I’ve been watching the political scene for 40 years now and it’s
never been worse. We could talk for a long time about the reasons for
that. Whatever the cause, at this moment we’re marching hellbent for
fiscal crisis. If you want to know what happens in fiscal crisis, look
at Ireland and Greece. There comes a point when you have no choice but
to reform the budget. Ireland can try to inflate their way out of the
problem. We have one of the shortest maturity of debt in the world, so
if we start to inflate, interest rates go way up. 

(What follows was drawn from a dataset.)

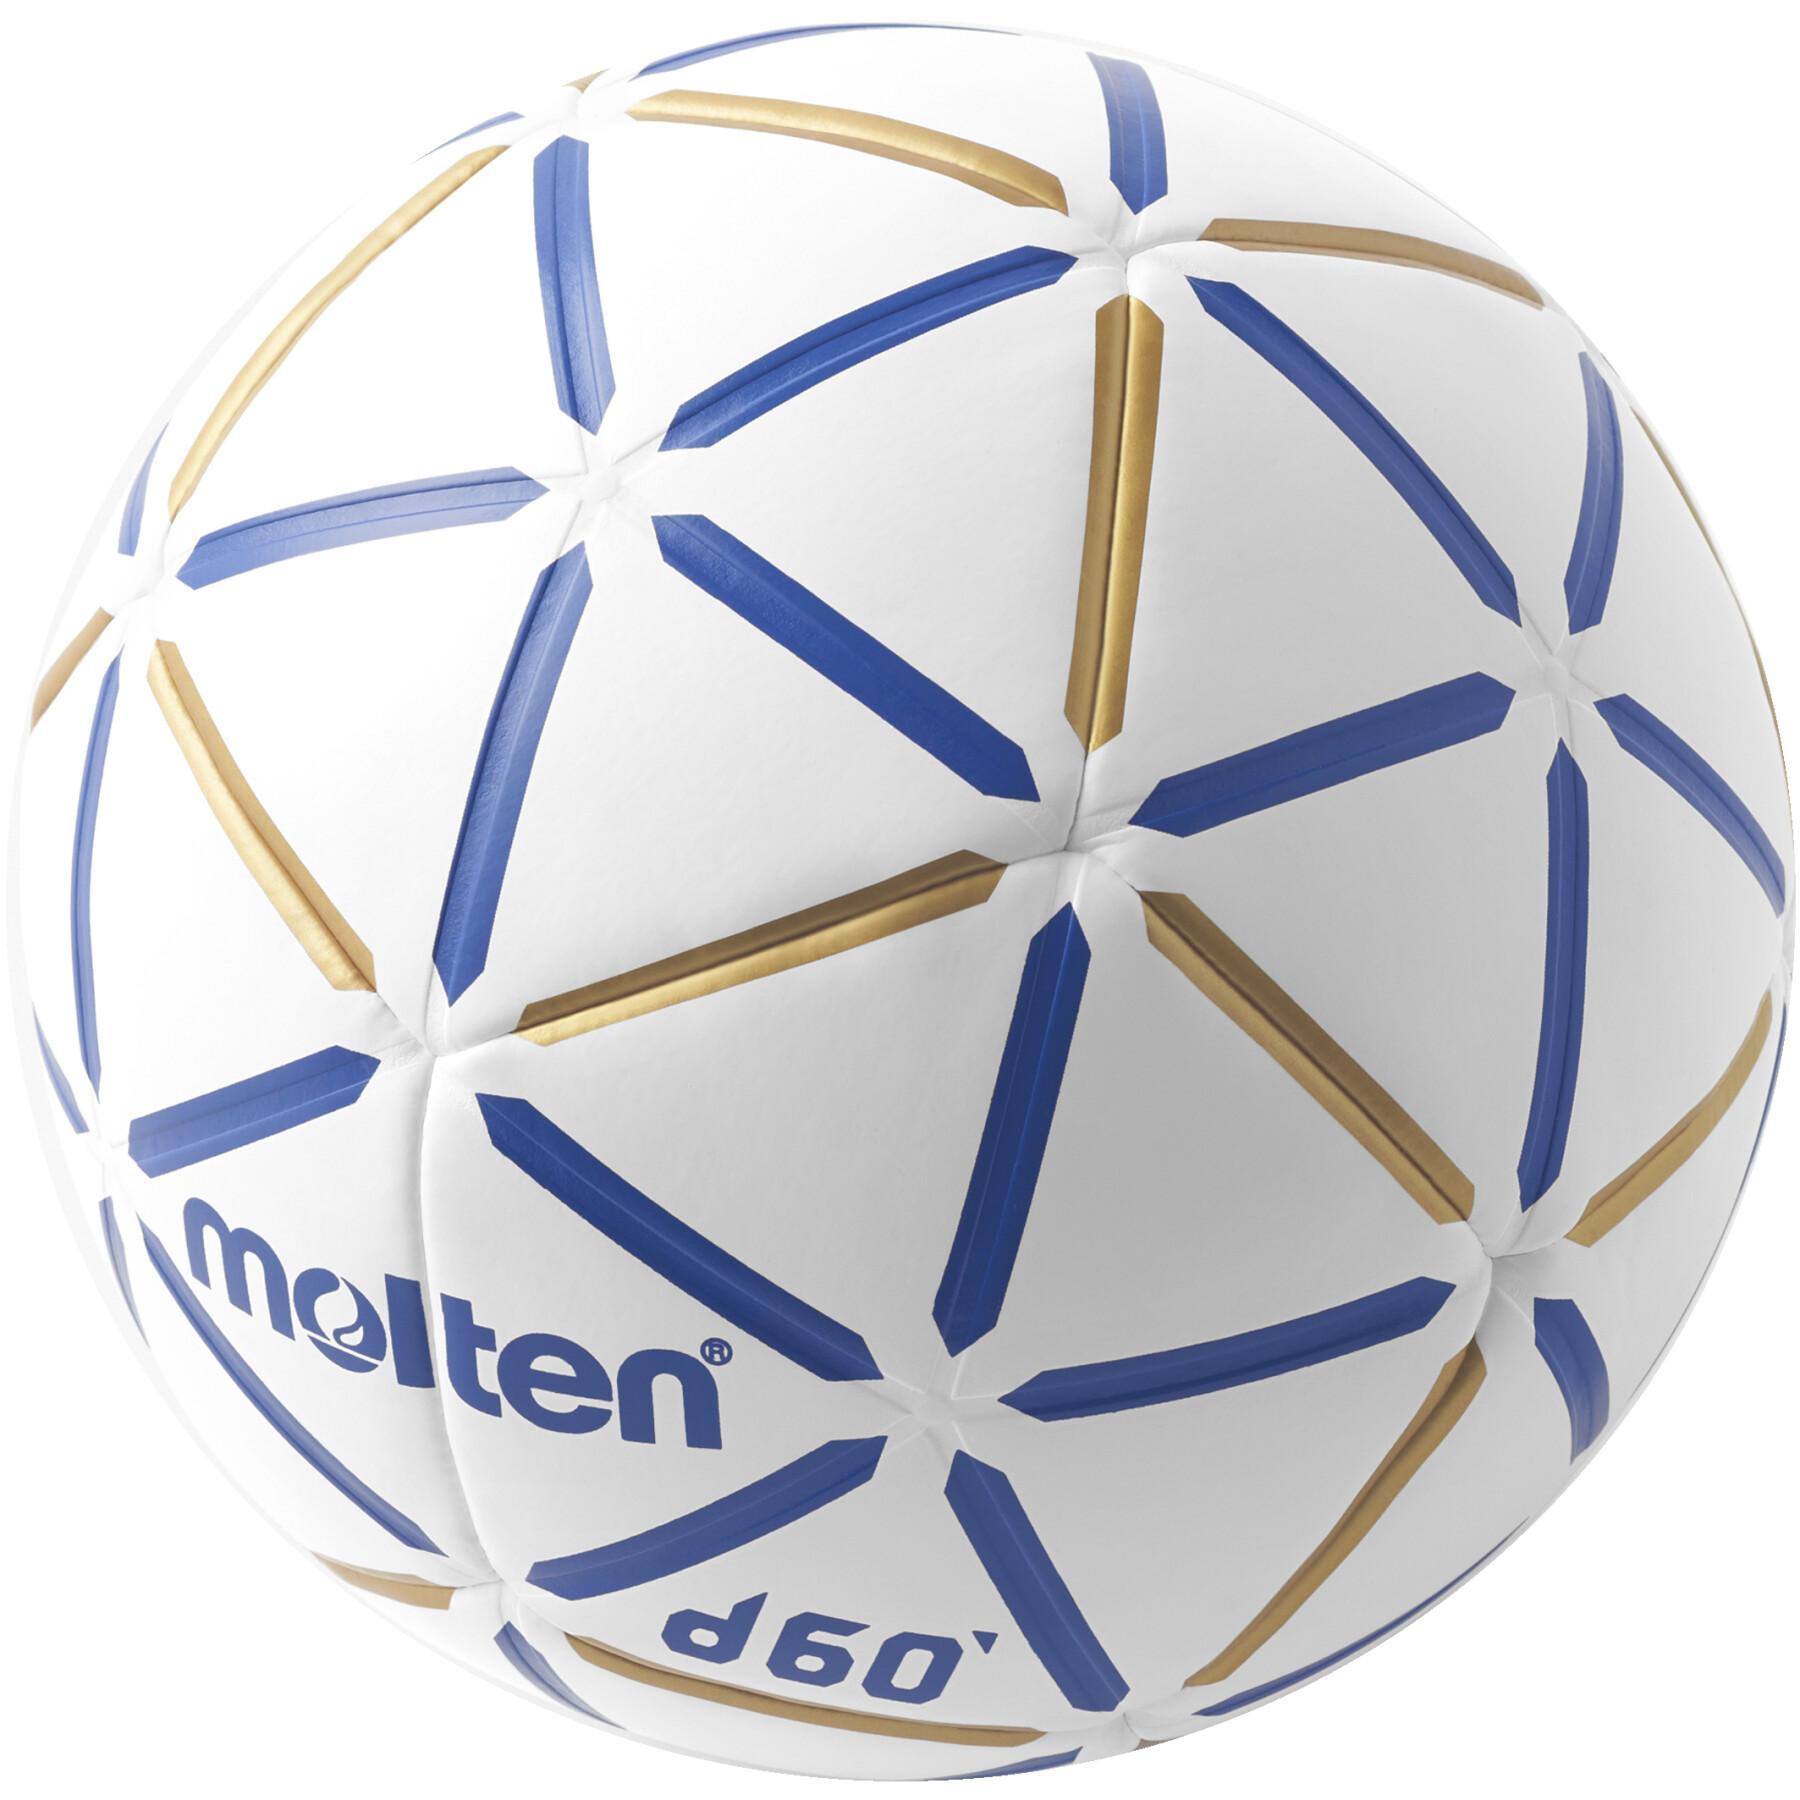 Ballon handball Molten D60
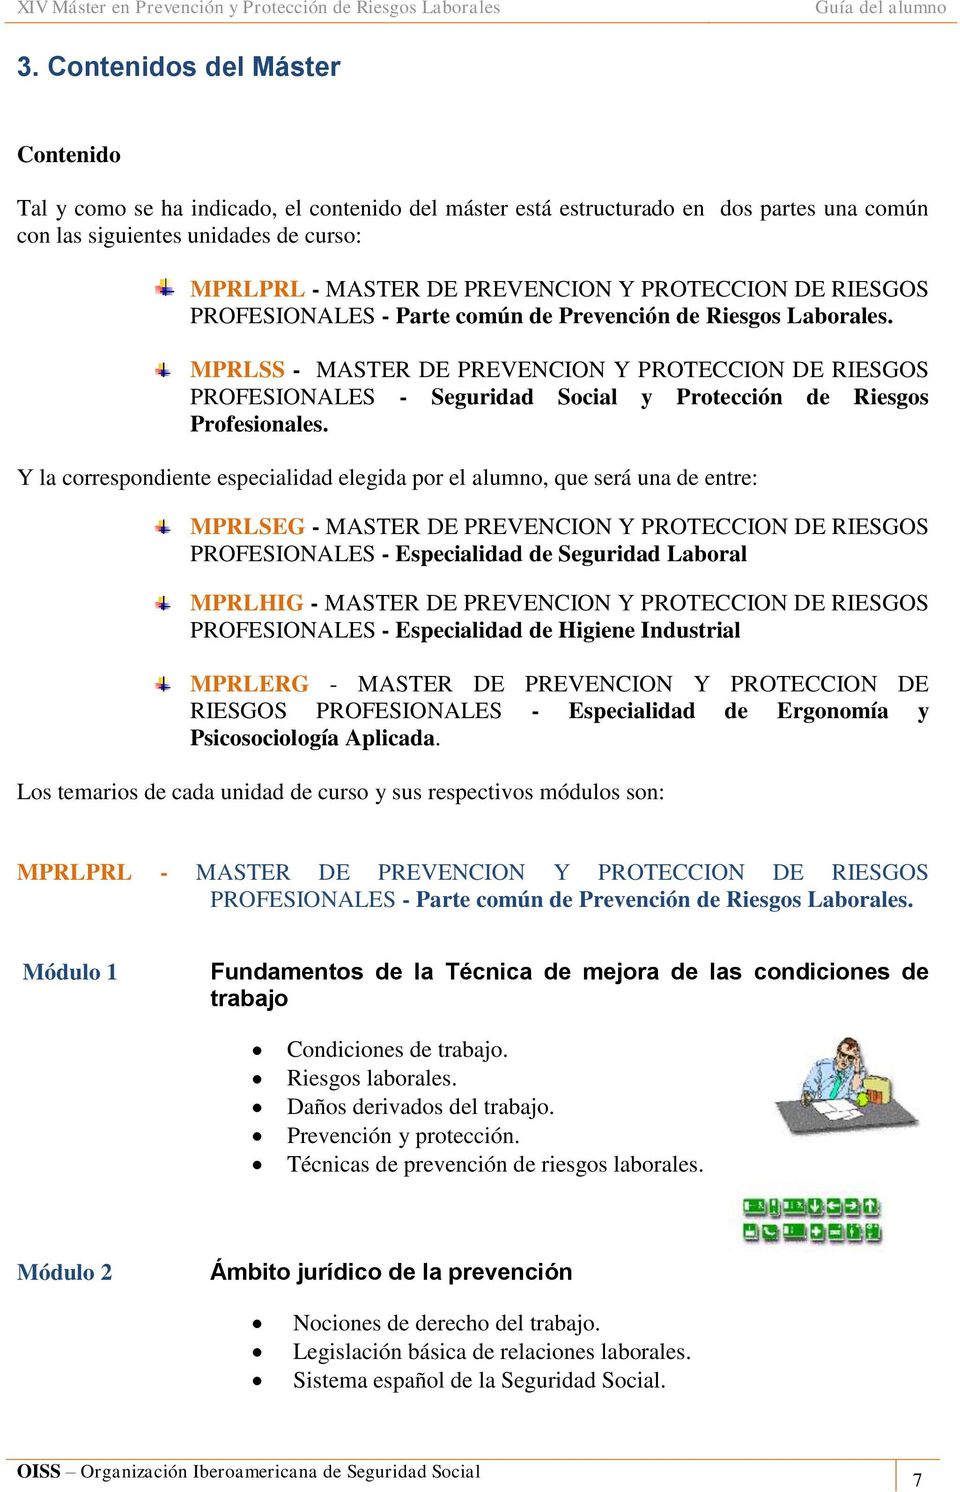 MPRLSS - MASTER DE PREVENCION Y PROTECCION DE RIESGOS PROFESIONALES - Seguridad Social y Protección de Riesgos Profesionales.

You’ve argued that Obama’s budget doesn’t scare us enough about the debt. But he’s running $1.6
trillion deficit next year. Surely he doesn’t want to convince people that
deficits are scary just yet, right?

A lot of people argue that’s a conflict: that there’s a conflict
between a short term and a long run. But you can’t deal with the long
run until the recession is closer to being over. You don’t want to hit
incomes today, but you can pass a law today that makes the kind of Social Security changes we have in our book, and they would not be
effective until 2012 and go into effect extremely gradually. You can do
things with Medicare. I suppose in economic theory there are subtle
problems if people are far-seeing and they see reductions in their
benefits — rational expectation economists would say they’d cut
spending immediately. But I don’t happen to think people are so
far-seeing.

I would focus assistance on safety net programs like food stamps. The
institutional arrangements at state and local level means they cut back
more than they need to and I can see some assistance there, and I would
pay for it. I wouldn’t mind short-term stimulus. That said, there’s
this idea for a payroll tax holiday for businesses that employ more
people. I think that will be a lot of wasted money — subsidies for
people they will be employed anyway. In any case, my bottom line is
that I don’t see a conflict between short and long term.